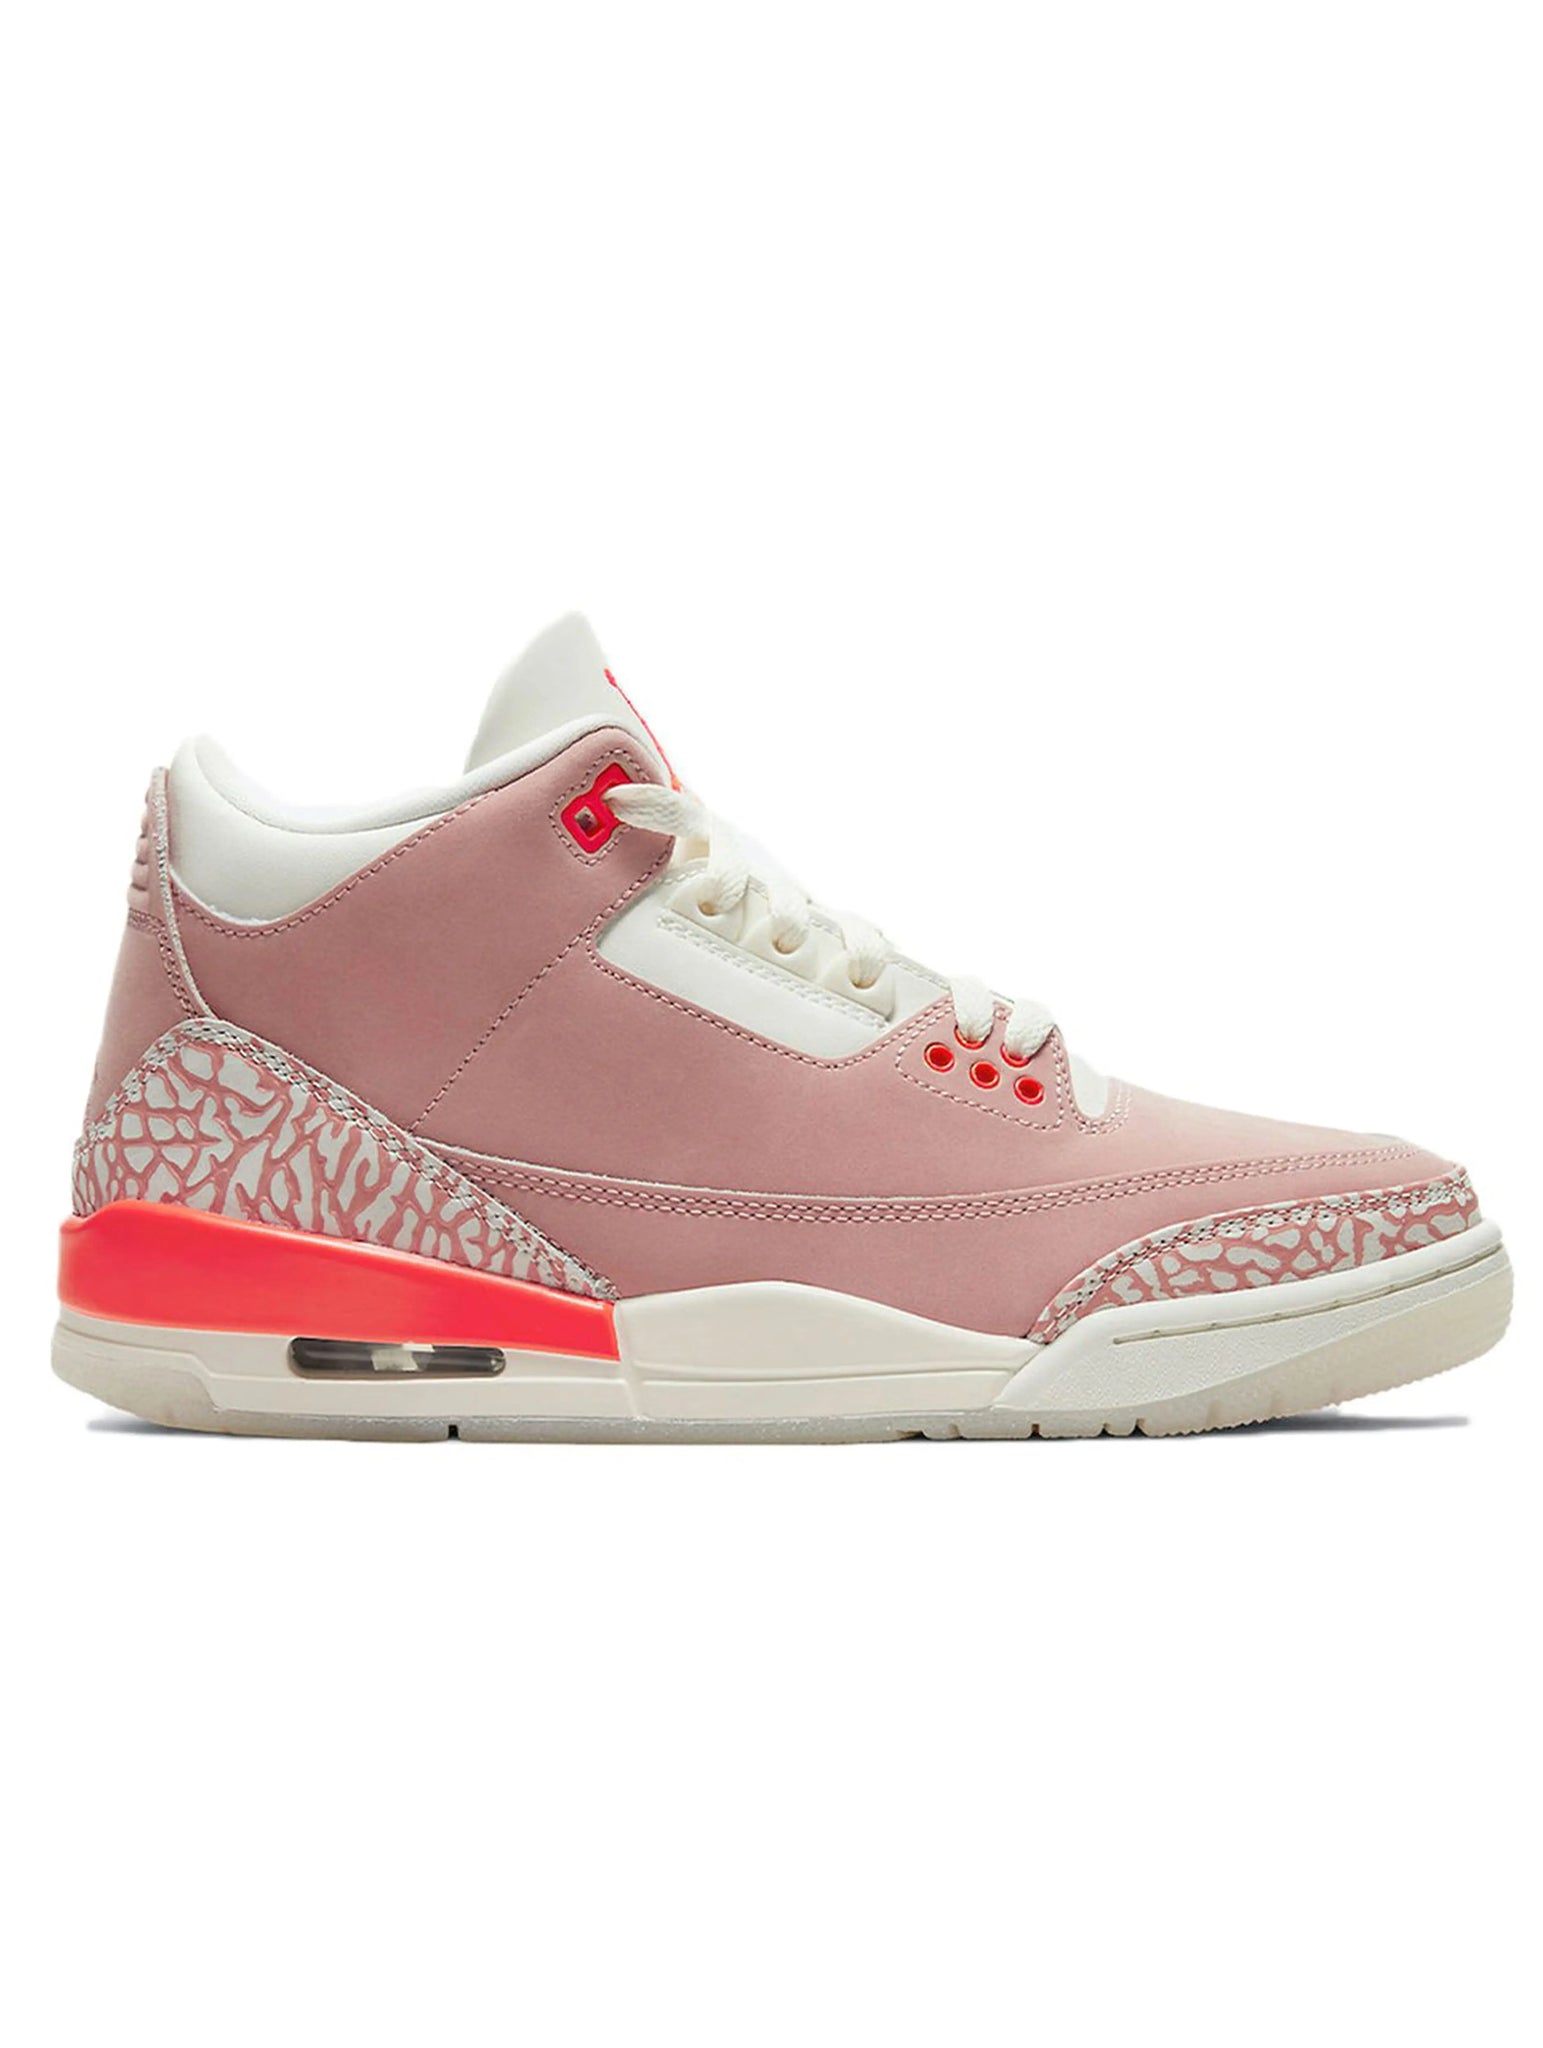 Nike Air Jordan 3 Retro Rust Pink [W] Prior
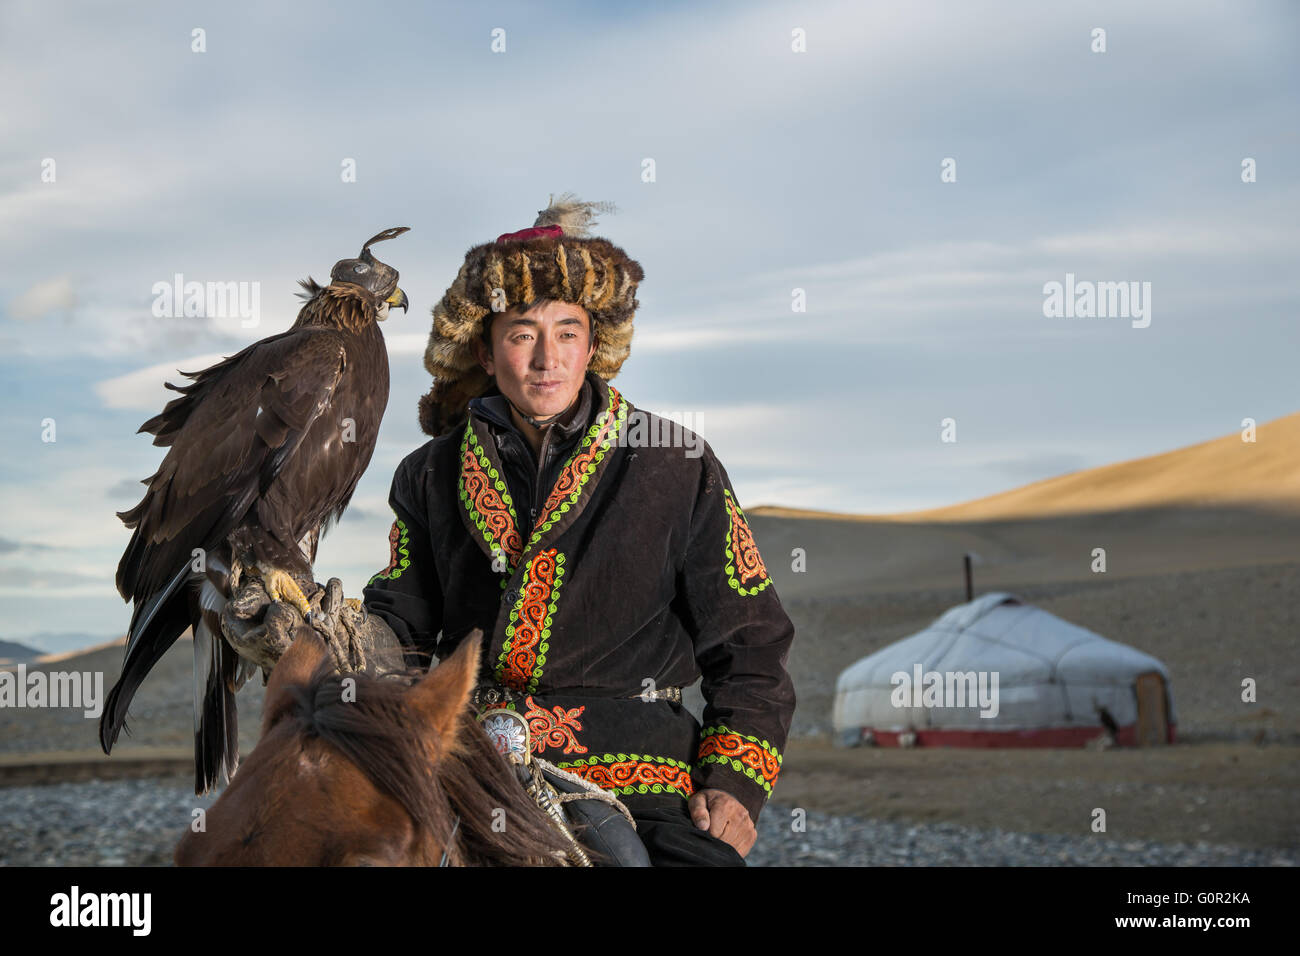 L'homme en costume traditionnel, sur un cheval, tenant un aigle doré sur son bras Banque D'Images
--
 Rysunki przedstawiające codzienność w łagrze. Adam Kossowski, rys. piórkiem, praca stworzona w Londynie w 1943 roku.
--
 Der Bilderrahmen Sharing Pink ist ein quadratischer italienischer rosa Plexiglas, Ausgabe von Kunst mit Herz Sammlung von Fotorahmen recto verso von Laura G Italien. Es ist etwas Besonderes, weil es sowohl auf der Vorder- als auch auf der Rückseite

Exercise instructions: Your reply is to be an exact repeat of the listing above from the line holding "Nike Air Jordan 3 Retro Rust Pink [W] Prior" down to the line holding "L'homme en costume", ends included, pictures excluded.

Task answer:
 Nike Air Jordan 3 Retro Rust Pink [W] Prior
 L'homme en costume traditionnel, sur un cheval, tenant un aigle doré sur son bras Banque D'Images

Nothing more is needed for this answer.